From: Jim Allan (jallan@smrtytrek.com)
Date: Sat Dec 27 2003 - 00:01:10 EST

  • Next message: Jungshik Shin: "Re: Ancient Northwest Semitic Script"

    Mark E. Shoulson wrote:

    > This is a particularly cogent point. The Mishna (c. 1st century C.E.)
    > does explicitly distinguish between Paleo-Hebrew and Square Hebrew
    > (tractate Yadayim 4:5). That's not a font-difference, that's a
    > script-difference, I think.

    There were no such things as fonts in the 1st century C.E. So it would
    have to be a script-difference. But what is a "script"?

    "Script", as I pointed out previously, is a word of wide meaning. The
    difference between Paleo-Hebrew and Square Hebrew is a script
    difference. But the word "script" is also used for different varieties
    of the Square Hebrew script.
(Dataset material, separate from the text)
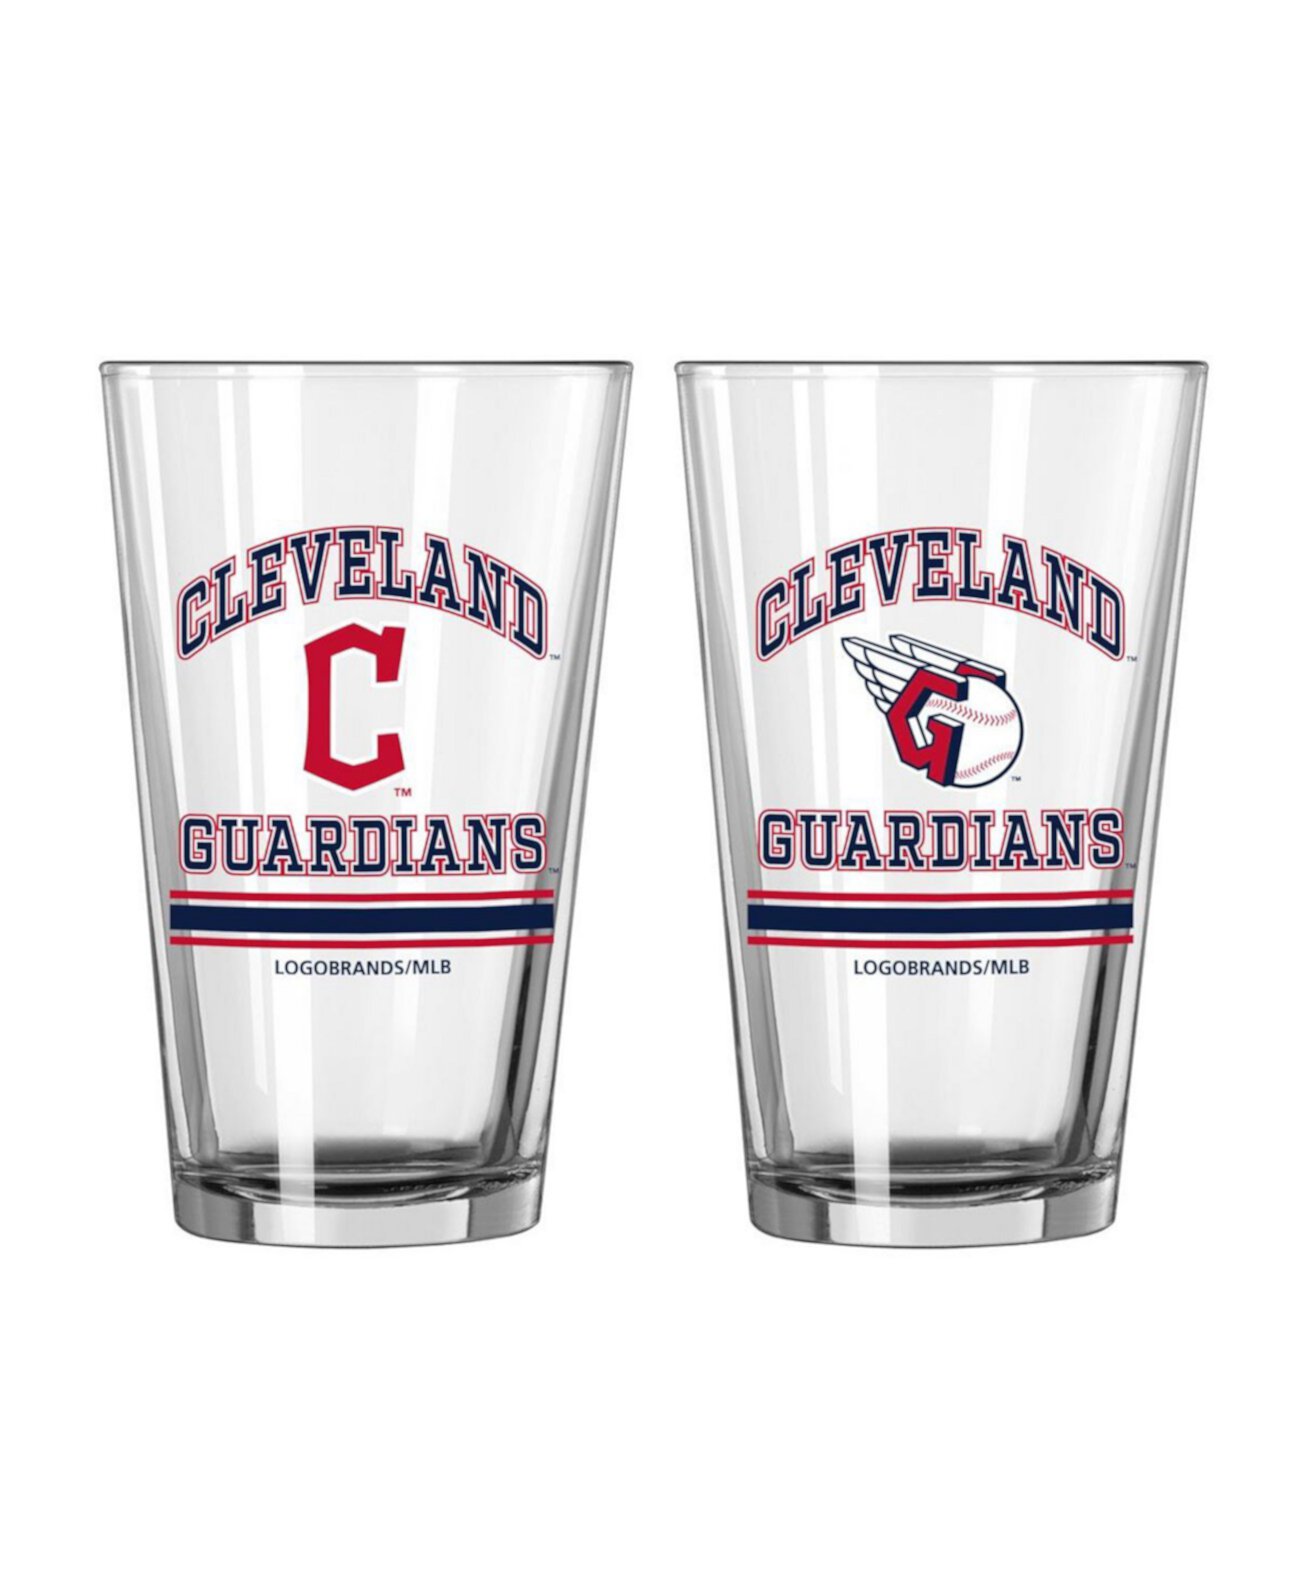 Cleveland Guardians, упаковка из двух стаканов, 16 унций, пинта Logo Brand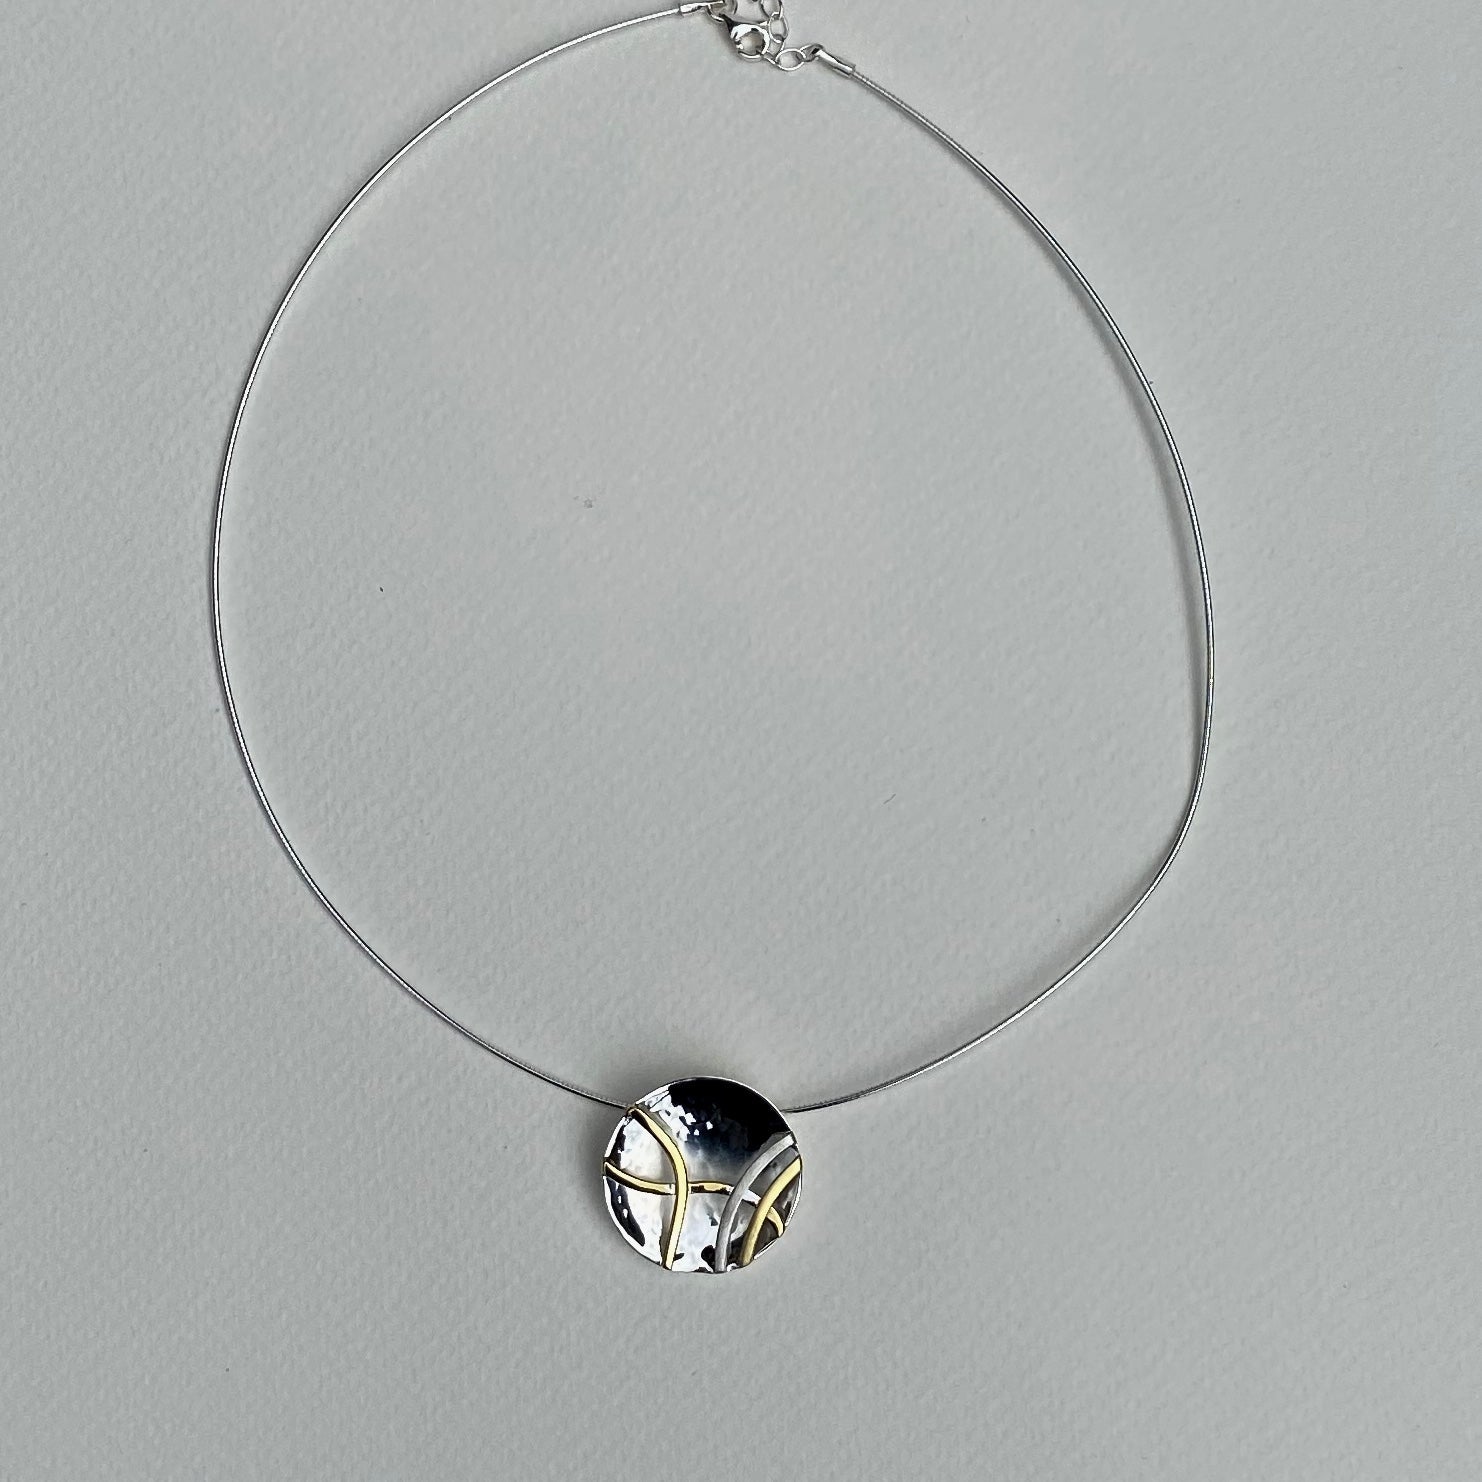 Concave Disc Necklace - The Nancy Smillie Shop - Art, Jewellery & Designer Gifts Glasgow

Check in Google for ["rashi script"] or
    ["ari script"] . There is a two-volume book:
    _Specimans of Medieval Hebrew Scripts_ by Malachi beit Arie. See
    http://www.bookgallery.co.il/content/english/static/book8177.asp

    Check also in Google for ["italic script"], ["uncial script"],
    ["blackletter script" OR "black letter script"].

    We are talking about exactly the same alphabet (or abjad) here,
    twenty-two letters in the same order with identical meaning originating
    from the same sources recording the identical text with identical spelling.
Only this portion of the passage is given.